TRANG PROVINCE

TRANG PROVINCE

Introduction thanks to the Bangkok post

http://www.bangkokpost.com/education/trang.htm

Lying humbly on the Andaman coast, Trang the Town of the Dawn, may not compete with charming worldwide-known attractions like those found in Phuket, but it has a small collection of the same interesting hidden treasures worth dropping by for a short visit to see.

Apart from charmingly beautiful scenery like its white sandy beaches and the nearby lovely islands in the Trang Sea, its unique Trang breakfast, the celebrated vegetarian festival and being the hometown of Chuan Leekpai, the present premier of Thailand, Trang has much more to offer.

Located on the same line of historical settlements as Krabi, Phang-nga, Phuket and Ranong, Trang shares the same traditions and heritage. In the early Ratanakosin period, Kantang, which is now one of the six districts of the province, served as the main port of the Penang-Phuket land route. There were two main routes of transportation for these five coastal towns at that time: the land route and the sea route. Kantang used to be one of the main seaports of the south and for this reason Kantang was the capital of the province for many years. Legend has it that ships from other countries always landed at Kantang port at dawn, explaining how Trang got its name.

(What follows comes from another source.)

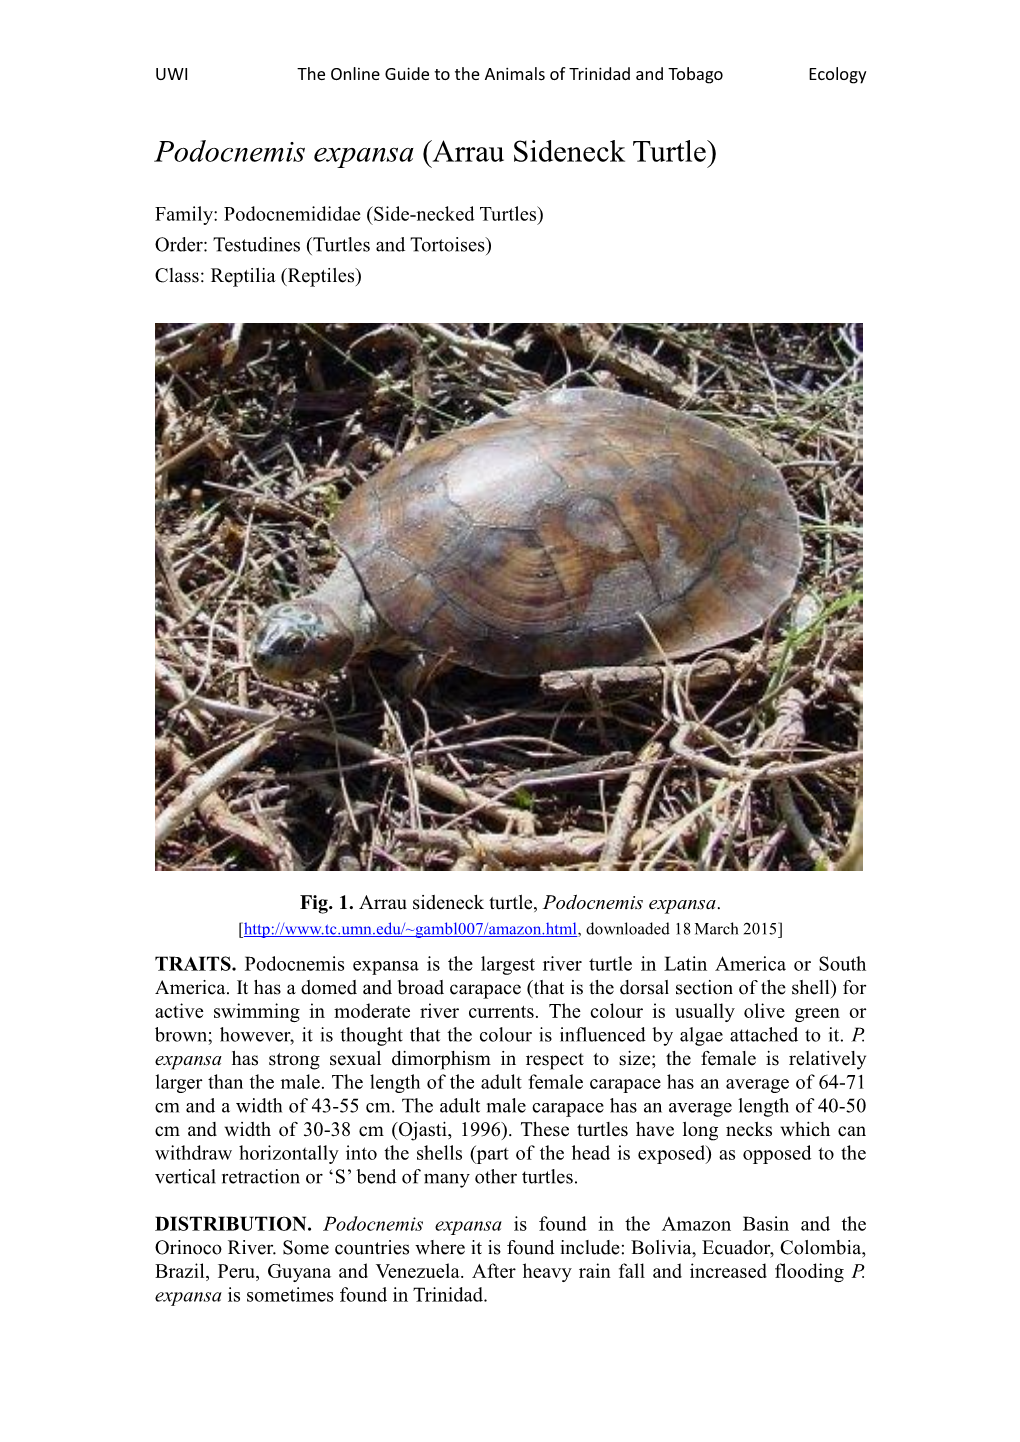 Podocnemis Expansa (Arrau Sideneck Turtle)
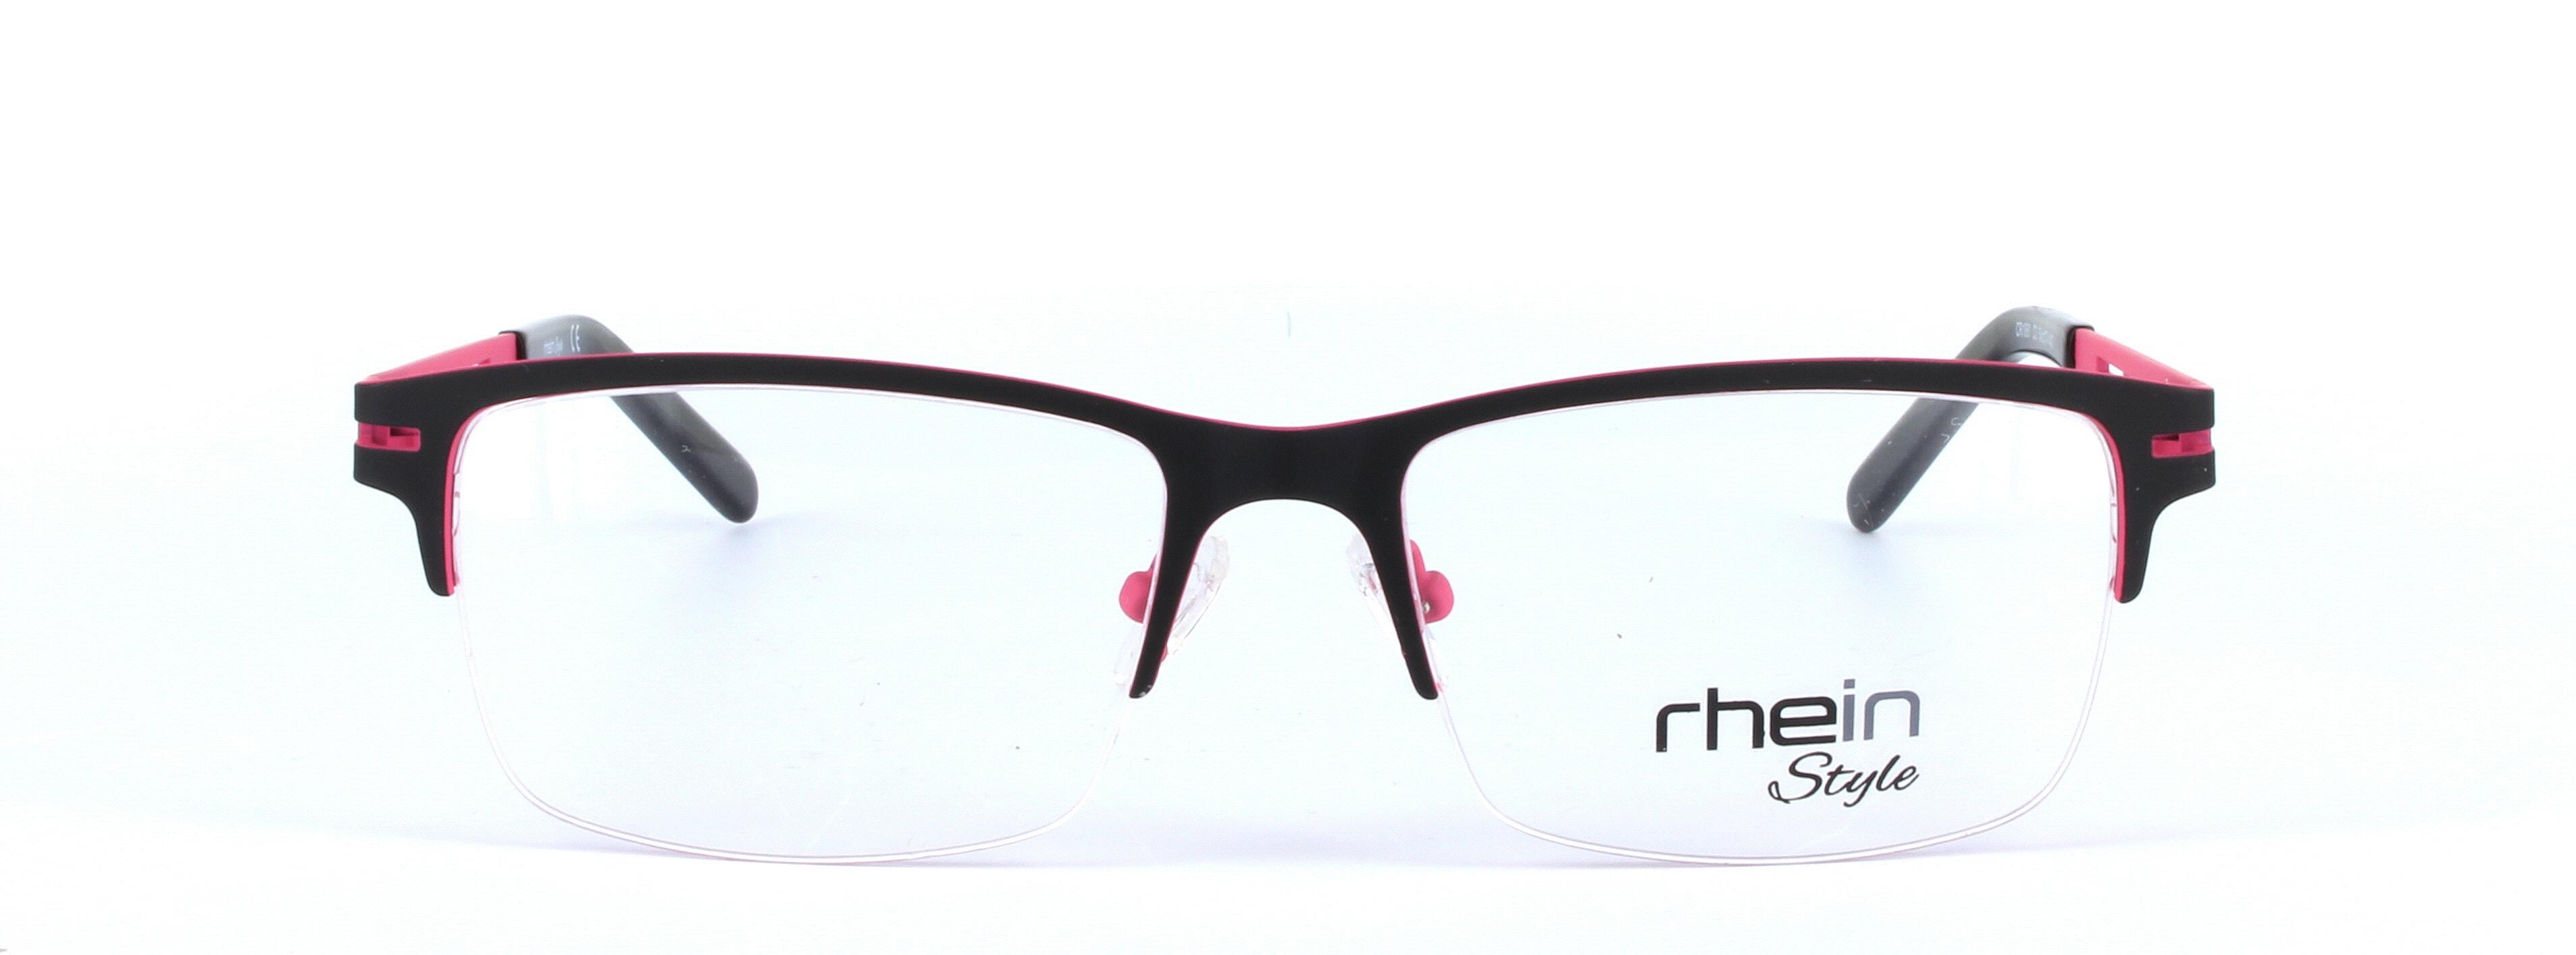 Curtis Black and Pink Semi Rimless Rectangular Metal Glasses - image View 5

Trang is derived from a Malaysian word meaning dawn

Kantang, a district some 28 kilometres from Muang district, is where the Sino-Portuguese architectural heritage, like the shophouses in Pang-nga and Phuket, can still be seen. Another place which possesses the same period structure is Muang district. It’s believed the first shophouses to be built in the province are those in Kantang. And most of them are still in use by the descendants of the first proprietors.

All of the historic shophouses in Muang district except for three are still used as shops. The others serve as a Chinese association founded by the first Chinese pioneers to Trang. These buildings are open daily to members of the public who are welcome to step in and help themselves to copies of Chinese-language newspapers or to just have a chat. One shophouse has just been newly renovated to restore it to its former glory. The couple living there said it cost a large sum of money to restore the look. Perhaps this is the reason why other houses look a bit disheviled.

Along with the Sino-Portugese shophouses, there is another kind of residential building, the pan-ya house. This is a single house on a piece of land in a greenery, normally owned by a rubber plantation owner. The house itself is very close to or facing the road and is composed of two main sections: the front and the rear. The front normally has two floors. The first floor is again divided into two parts, the exterior part which opens out into the front yard and the interior part which is divided by a big wooden door. Behind the main door is only one big open room with a high ceiling functioning as a family room or living or drawing room. The second floor is where the bedrooms of the family are. This section is joined to the rear, where the kitchen and the dining area are, by a roofed-passage. Very close to the roof, above the cooking unit and the dining area, is the storage compartment for dried rubber sheets waiting to go to market. The brown translucent sheets are hung on bamboo rods resting between the beams.

Around the house are various kinds of domestic plants, normally for household consumption, such as fruit trees, herbal plants or certain kinds of flowers. However, quite often the products are sold in surplus seasons. One kind of fruit tree, prevalent in bygone days but rare nowadays and native only to these five provinces, is the luk chan or the nutmeg tree. Many parts of the plant such as the nut or the seed, the membrane around the seed, and the male flowers are used as spices. The flesh which tastes sour with a mixture of tartness, bitterness and dryness can be eaten fresh with or without a little help of salt and sugar, but tastes best when preserved in heavy syrup and then dried. Only the latter use, though, is enjoyed widely among southerners. Two to three decades ago, during Chinese New Year celebrations, nearly every family would exchange preserved nutmeg fruits in heavy syrup along with other festive presents. The delicacy would be specially carved, engraved or cut out in many beautiful and fancy designs, mostly as flowers with many layers of pedals. Nowadays the dried preserved recipe in handy plastic bags is most commonly seen.

Trang offers several beautiful beaches and islands in the Trang Sea, some 30 kilometres away. There is a variety of accommodations available, from modest Chinese-style hotels up to starred hotels. Several good modern restaurants can be found along with Chinese shophouse-style restaurants. And special to Trang only, open both in the morning and in the evening, are the Chinese-style coffee shops where a vast variety of dim-sum is served with tea or coffee together with hot-from-the-wok pa-tong-goh (Chinese fried doughnut).